何かをされるのかと思ってしまった。何か……?
キ、ス……?
なななななな、ないないっ! 私は何を妄想したの⁉
「今日は楽しかったよ」
「うわわ、わたしも、楽しかったですっ」
「次は水族館ね。また、連絡するよ」
「……はい」
黒崎さんは先程のことがなかったように、自然な様子で話をする。私が意識しすぎなのだろうか。
もう忘れよう……いや、待って。あんなトキメキ満載な仕草と表情、忘れられるわけないじゃない。大事に大事に、胸にしまっておこう。
これ以上考えても、私には何の答えも出ないと判断し、そう思うことで頭の隅の方へ一旦置くことにした。
『次は水族館』
冗談とか社交辞令ではなく、今回、映画の約束を守ってくれたように、水族館へ行く話も実現させてくれるのだろう。きっと、黒崎さんはそういう人なんだと思う。
改札に向かうため、私が黒崎さんに向けて会釈をすると、黒崎さんは僅かに目を細めて微笑んでくれた。
結局、今日はクスクスと笑う顔は見ることができたけど、破顔するような笑いを誘うことはできなくて、それが心残りだ。そんなことが私に可能かどうかは分からないけど……。
『同行』の時間をやりきった安堵感と、若干の名残惜しさを感じながら、改札の方へ歩き始める。
ドキドキと胸が苦しくなることも多かったし、たくさんの新しい黒崎さんを知ることができて、すごく嬉しくて、大袈裟ではなく感動した。

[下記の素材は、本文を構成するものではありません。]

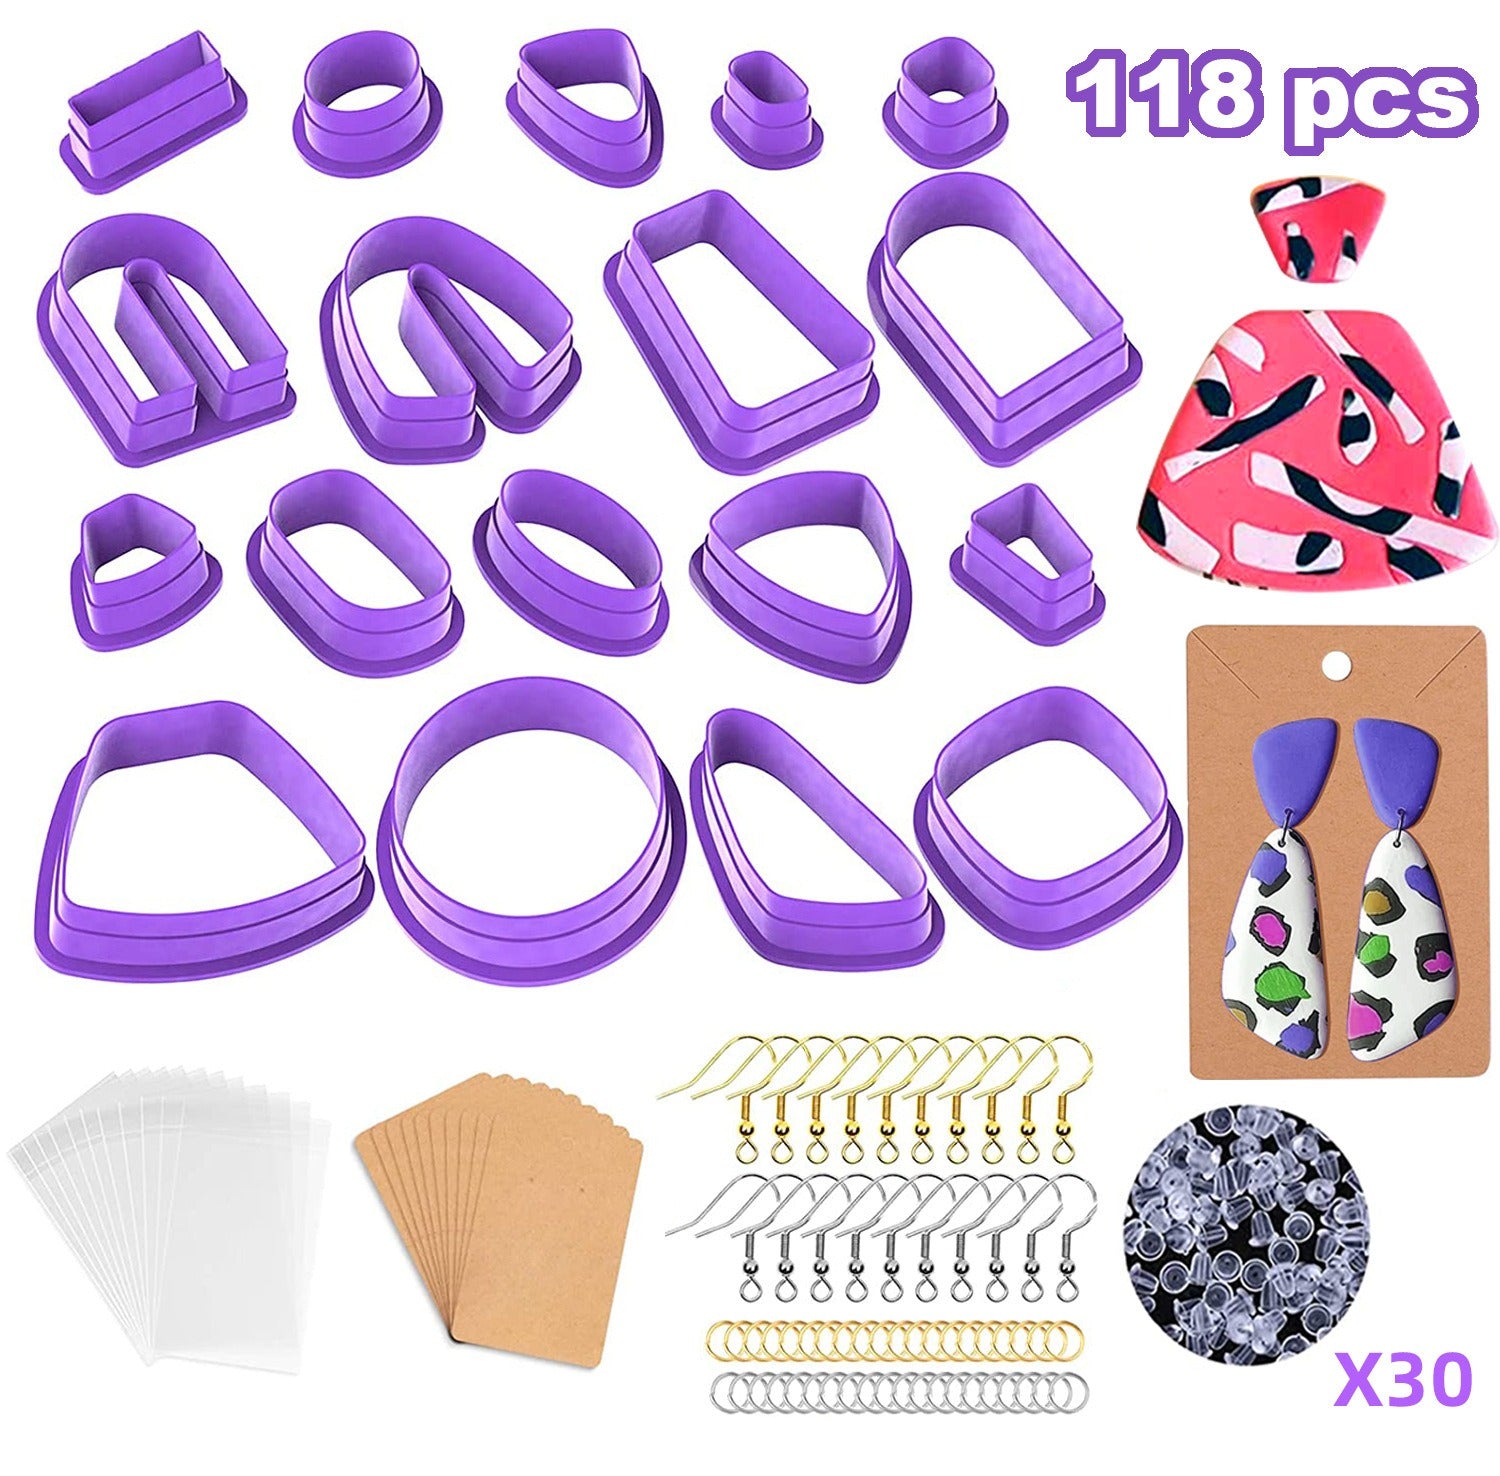 Multi Shape Clay Cutter Set, Polymer Clay Cutter Set with Earring Hooks and Jump Rings, Geometric Shape Clay Scrapers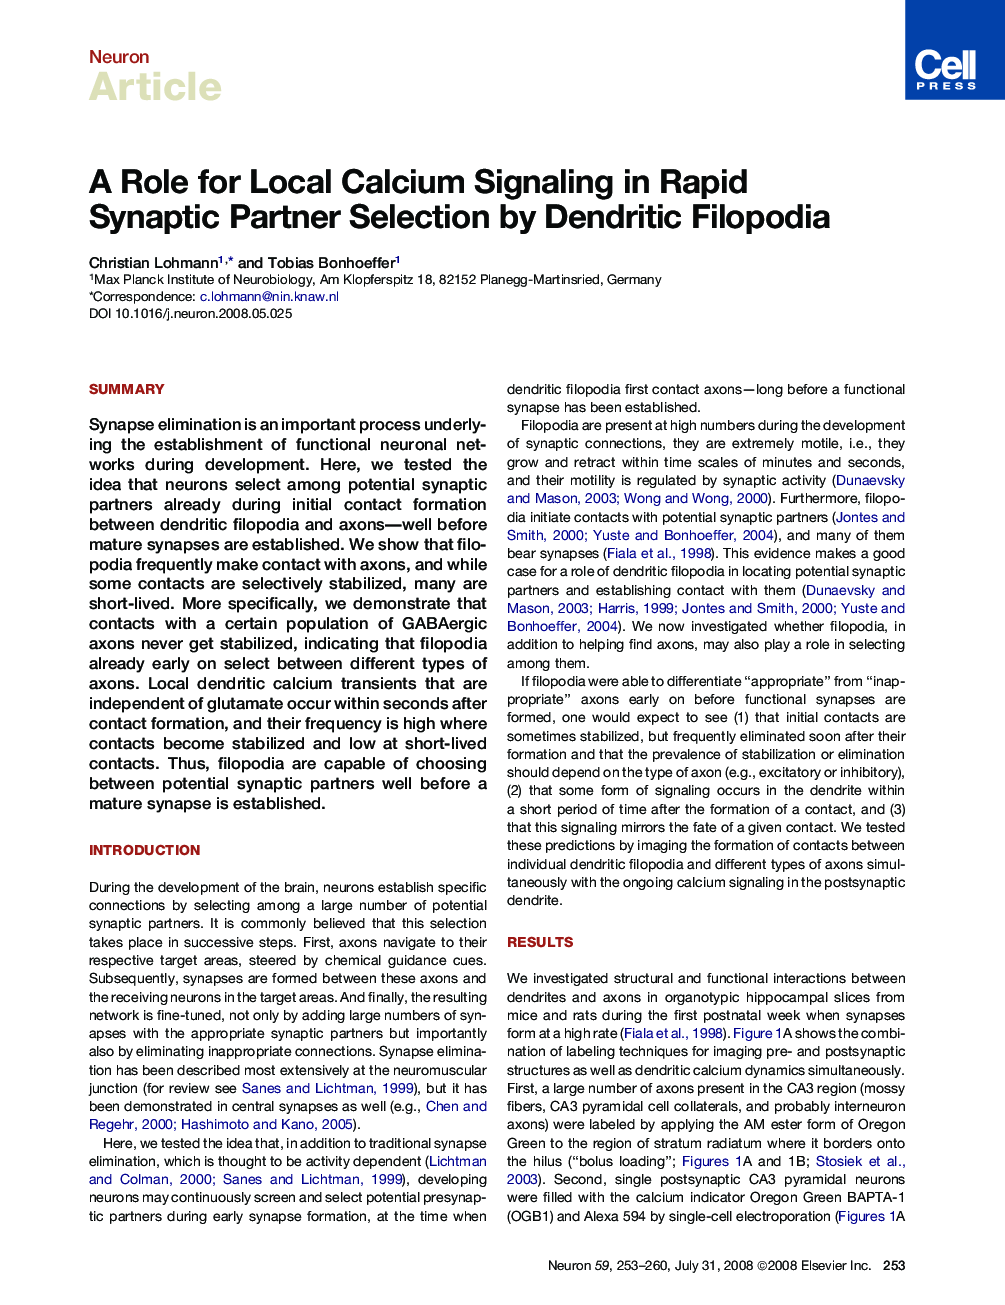 A Role for Local Calcium Signaling in Rapid Synaptic Partner Selection by Dendritic Filopodia

それに。緊張しかできず、パニックになって二度と合わせる顔も無くなるような事態になるのではないかとすら思っていたけど、それは杞憂に終わった。あんなにも、黒崎さんと過ごす時間が穏やかで、優しくて、癒されて、楽しいなんて。
多少、黒崎さんの過去や彼女さんの存在に意識がいって、落ち込んだりもしたけど。でも……もっと、一緒に居たかったな。
そんなことを思いながら、乗り慣れた電車で自宅へと帰った。
***
翌日。
「琴音!」
出勤すると、朝の挨拶すらさせてもらえず、千絵さんに叫ぶように呼ばれてしまった。
「はははははいっ⁉」
「デートどうだった?」
「デデデデート⁉ あれは同行です!」
「はぁ⁉ なに訳の分からないこと言ってるの?」
「デートだなんて、烏滸おこがましい!」
「いや、二人で出かけたんだからデートでしょう」
「いえ! 同行です!」
「……この、頑固者めが」
千絵さんはエプロンを着けながらそれだけ言うと、はぁっとやけに大袈裟にため息をついた。
「まあ、いいよ。今はこんな不毛な言い争いをしている時間は無いね。この話は、仕事の後にゆっくり聞きましょうか」
千絵さんの眼が捕食者の眼のように変わったのは、私の気のせいではないはず。怖いよ……。ブルッと背筋に冷たいものを感じたが、本当に開店準備に取り掛からなくてはならず、頭をふるふると振って気持ちを入れ替えた。
そして、待ちに待ってもいない終業の時間となってしまった。今日ほど、働き続けたいと思ったことはない。好きな仕事とはいえ、普段はやはり疲れも出てきて、終業後にはホッとする筈なのに。
こっそり帰っちゃおうかな……?
事務所で静かにエプロンを片付けて、鞄を持って、物音を立てず、私は忍者だと言い聞かせながら、一歩……。
「はい、琴音。逃がさないよ」
「うわぁぁぁぁっ⁉」
……完璧な忍者だったと思ったのに。やっぱり、捕食者だ。
「待て」
「出た、翔太」
私と千絵さんの元に闖入してきたのは、午後からバイトに入っていた翔太くん。そんな翔太くんの姿を見て、千絵さんは目を眇めて小さく舌打ちをした。
「琴音の話をしに行くんですよね? 俺も行っていいっすか? ってか、行きます」
「ダメ」
「琴音、俺もいい?」
翔太くんは拒否を示した千絵さんを無視して、私の方へ許可を求めてきた。
いいかと聞かれたら、ダメとは言えない私は、その内容が照れてしまうようなものだということを忘れて、反射的に頷いてしまっていた。
「ほら、琴音は優しい」
「はぁ……琴音はほんとバカだねぇ」
なんだか褒められたんだか貶けなされたんだか分からないまま、私たちは書店を出て近くにあるファミレスに入ることにした。
この時点で、徹底的な追及がなされる予感がするのは気のせいだと思いたい。だって、フリードリンクなんていらない。フリーだなんて、恐ろしい。
何が、
そんな私の心の抗議は二人に届くはずもなくテキパキと注文し、私も急かされるように決める羽目になった。